I'm sure a fair number of you are feeling pretty unlucky about something or another ... wondering how you're managing to be here ... when reason says there's no way in Hell you can continue.

But you have.

And you do.

"Trust in the Lord with all your heart and lean not upon your own understanding," the Proverbs counsel (3:5).

Leaning not upon my own understanding is easy enough because I don't understand any of this.

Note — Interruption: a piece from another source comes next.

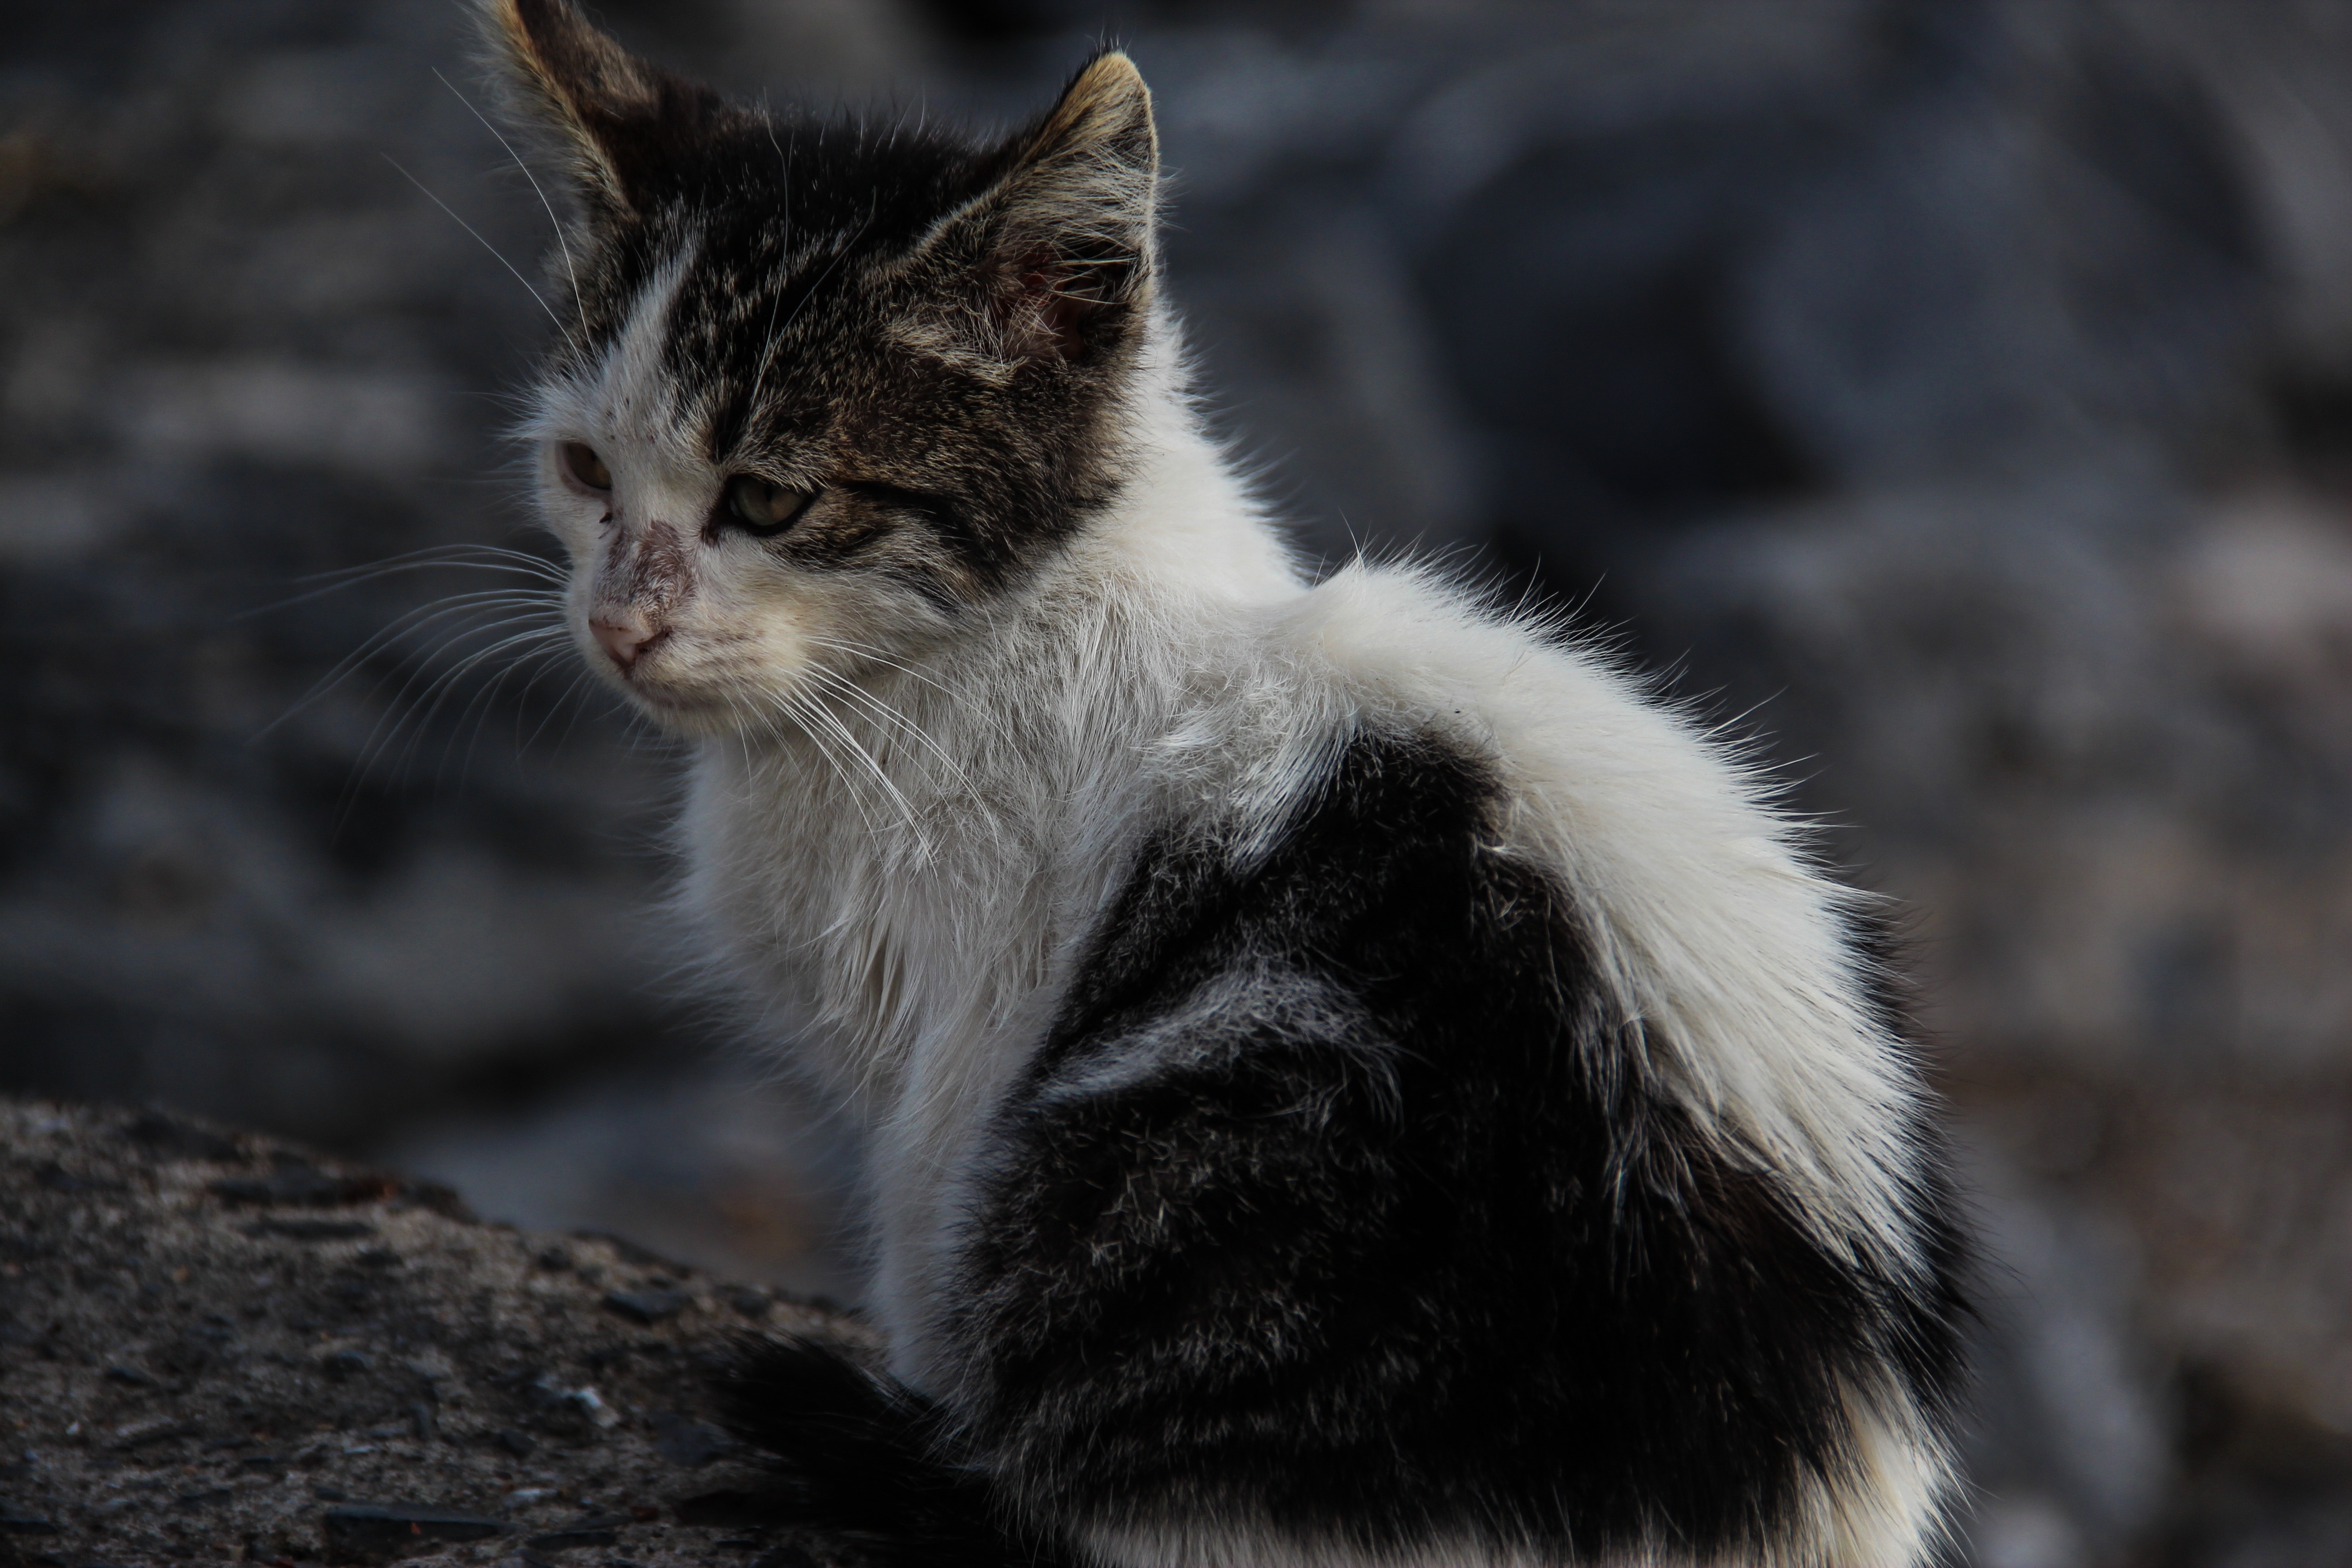 Cat, Kitten, Stray Cat, Black And White, domestic cat, one animal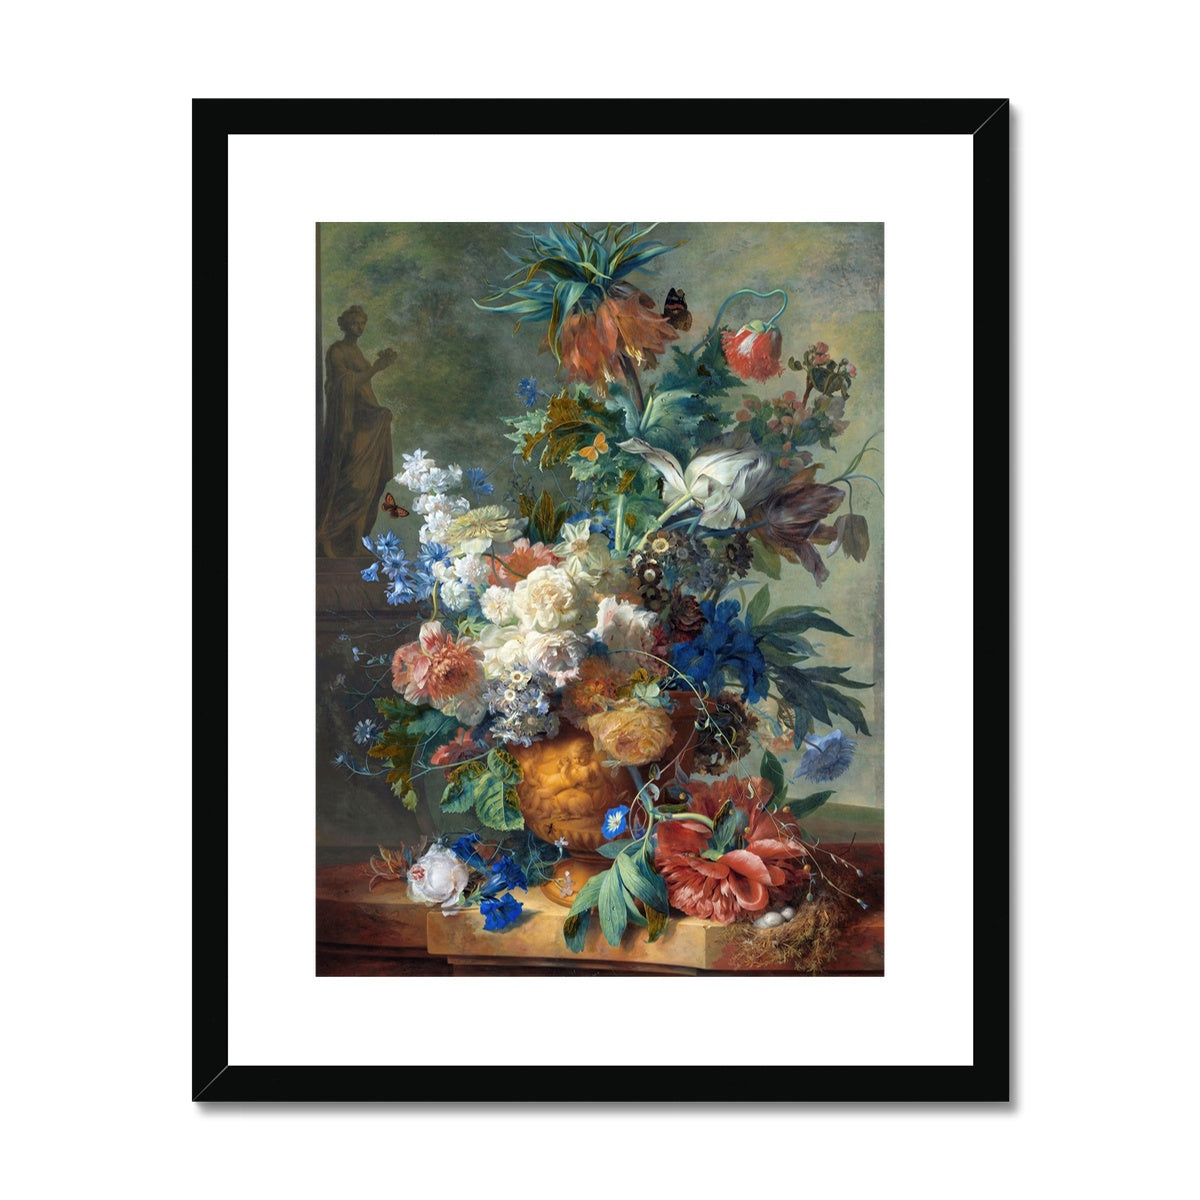 Jan van Huysum Framed Open Edition Art Print. 'Still Life with Flowers'. Art Gallery Historic Art

Trusting in the Lord with all my heart would be a lot easier if God wasn't so Goddamned quiet ... but She is ... so it's all about the trusting.

So I trust.

I don't know why I do ... but I do.

And I'm banking on the day when Sarah and I stand there holding our tickets ... and she's in First Class as she should be ... and I'm in the back in front of the rest rooms cause I gotta go all the time anyway ... and the Announcers voice sounds strangely like what we believe God sounds like says, "Boarding Now."